The buzz for Regional Justice Center has been building over the past few years, and with their second full-length and first for Closed Casket Activities, it's about to explode. There's a reason why one reviewer recently called them "modern hardcore's most compelling band" and why another said "At the moment, this [album] is resting atop the hill… awaiting contenders. Essential and fucking tremendous." Crime and Punishment really might turn out to be one of the year's very best hardcore records. Like past releases, it pulls from a mix of hardcore, powerviolence, grindcore, and other metal/punk hybrids, and while Crime and Punishment is as raw and grimy as anything this band has ever put out, it feels a little more focused and accessible too. Maybe that's due to producer Taylor Young pushing main RJC member Ian Shelton to "find even more dynamics in the songs," or maybe it's due to this album's much-publicized Beatles influence. It never actually sounds like The Beatles, but it makes sense to learn that Ian looks outside of hardcore and takes influence from a band where literally every song is memorable. He also mentions that the song cycle on side B of Abbey Road was specifically an influence, and you can kinda hear that on Crime and Punishment too. Only one of these 10 songs reaches the two-minute mark, and the whole thing blurs together as one greater whole. It's also worth noting that this is frequently a personal and introspective album, and even if you can't always understand what Ian is shouting, you can always feel the very tangible emotion.


Home Is Where

Home Is Where - I Became Birds

Florida band Home Is Where's I Became Birds is quickly becoming one of the most talked-about fifth wave emo albums of the year, and it's one of the most unique too. Dedicated "to anyone & everyone who has struggled / is struggling with their gender identity," I Became Birds is only six songs long, but it feels complete, and it covers more musical ground in its brief running time than albums that are four times its length.
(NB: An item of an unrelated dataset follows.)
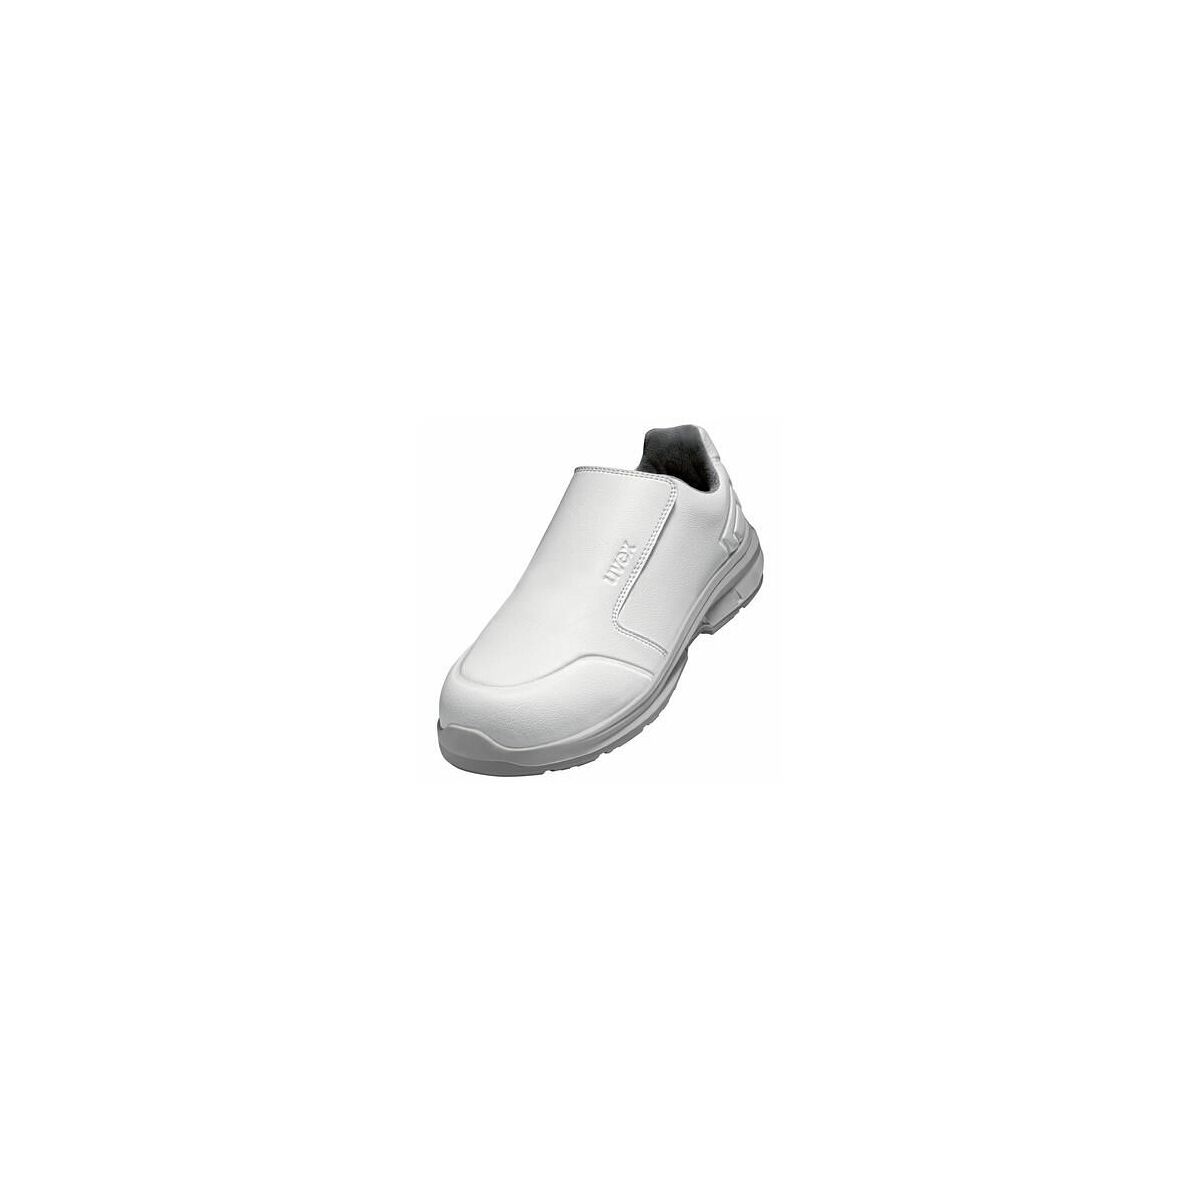 uvex 1 sport white Halbschuhe S2 weiß Weite 11 Größe 48 einfach kaufen |  Hoffmann Group
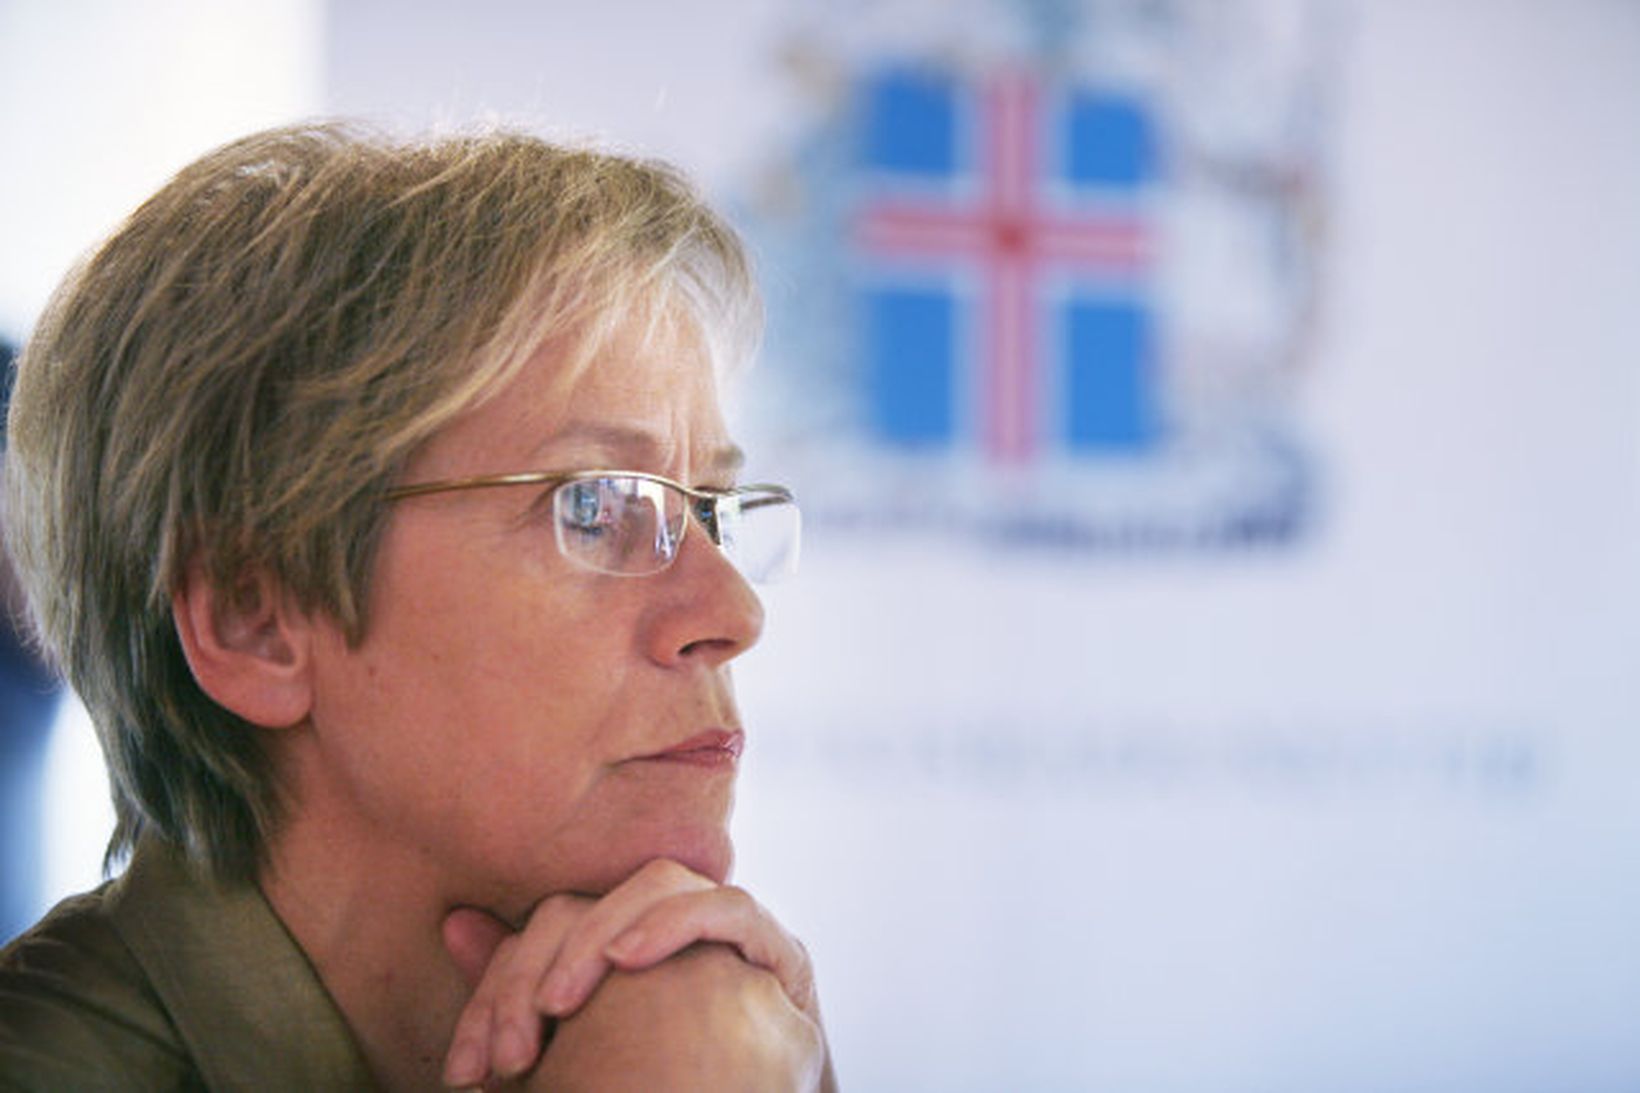 Ingibjörg Sólrún Gísladóttir

Each song flows right into the next, as the album moves seamlessly between Neutral Milk Hotel style chamber folk, Dylan-esque harmonica-fueled folk, TWIABP-y post-rock, raw '90s-style screamo, driving Midwest-style emo-punk, and more, and it sometimes does two or three of those things at once. Tying everything together is vocalist/multi-instrumentalist Brandon Macdonald, whose unique, emotive voice and conversational yet contemplative lyrics add even more depth to these songs, and make for rewarding repeated listens.


Sonder Bombs Clothbound

The Sonder Bombs - Clothbound
Take This To Heart/Big Scary Monsters

The Sonder Bombs released one of the most promising indie-punk debut LPs in recent memory with 2018's MODERN FEMALE ROCKSTAR. It's one of the only albums in this genre that I can think of where ukulele is the main instrument, but that's not the only reason the album stood out. Willow Hawks has a powerful, versatile, unique voice, and when you hear it, it draws you right in. The band is now back with their second album -- their first with their current four-piece lineup and first produced by Hop Along's Joe Reinhart -- and it raises the bar, making good on the promise of their debut and pushing their sound in new directions. As revealed on the early singles, The Sonder Bombs continue to master indie-punk, while pushing their sound towards '50s/'60s pop "ooh sha la la la"s on one song ("Crying Is Cool") and towards gnarly post-hardcore on another ("k."). Those two songs are at the total opposite sides of Clothbound's spectrum, and there's all kinds of other stuff happening within the album's appealing middle ground. It's a tighter, fuller, and more spacious album than its predecessor, and Willow continues to capture a range of emotions in her lyrics, from introspective self-doubt to finger-pointing anger to playing back a reel of old memories. The songs are casual and plainspoken yet poetic, like they were ripped out of a diary or a real-life conversation and just so happened to roll off the tongue and rhyme. Willow wraps them in compelling melodies that prompt repeated listens, and the songs seem to reveal an even greater depth every time you come back to them.


Lande Hekt

Lande Hekt - Going To Hell
Get Better Records

The album channels a whirlwind of emotions, but ultimately it's a celebratory record, and the songs sound as hopeful and triumphant as the messages within them. They're also some of the best songs Lande has ever written. Her voice soars on this album, her melodies get stuck in your head, and the overall feel is warm and welcoming, making repeated listens feel both requisite and rewarding. It's not a punk record like Muncie Girls, but it has the rawness, honesty, and DIY values that come with spending a decade in the punk scene. You can tell that she really means every last word on this album, and that's what makes it so powerful.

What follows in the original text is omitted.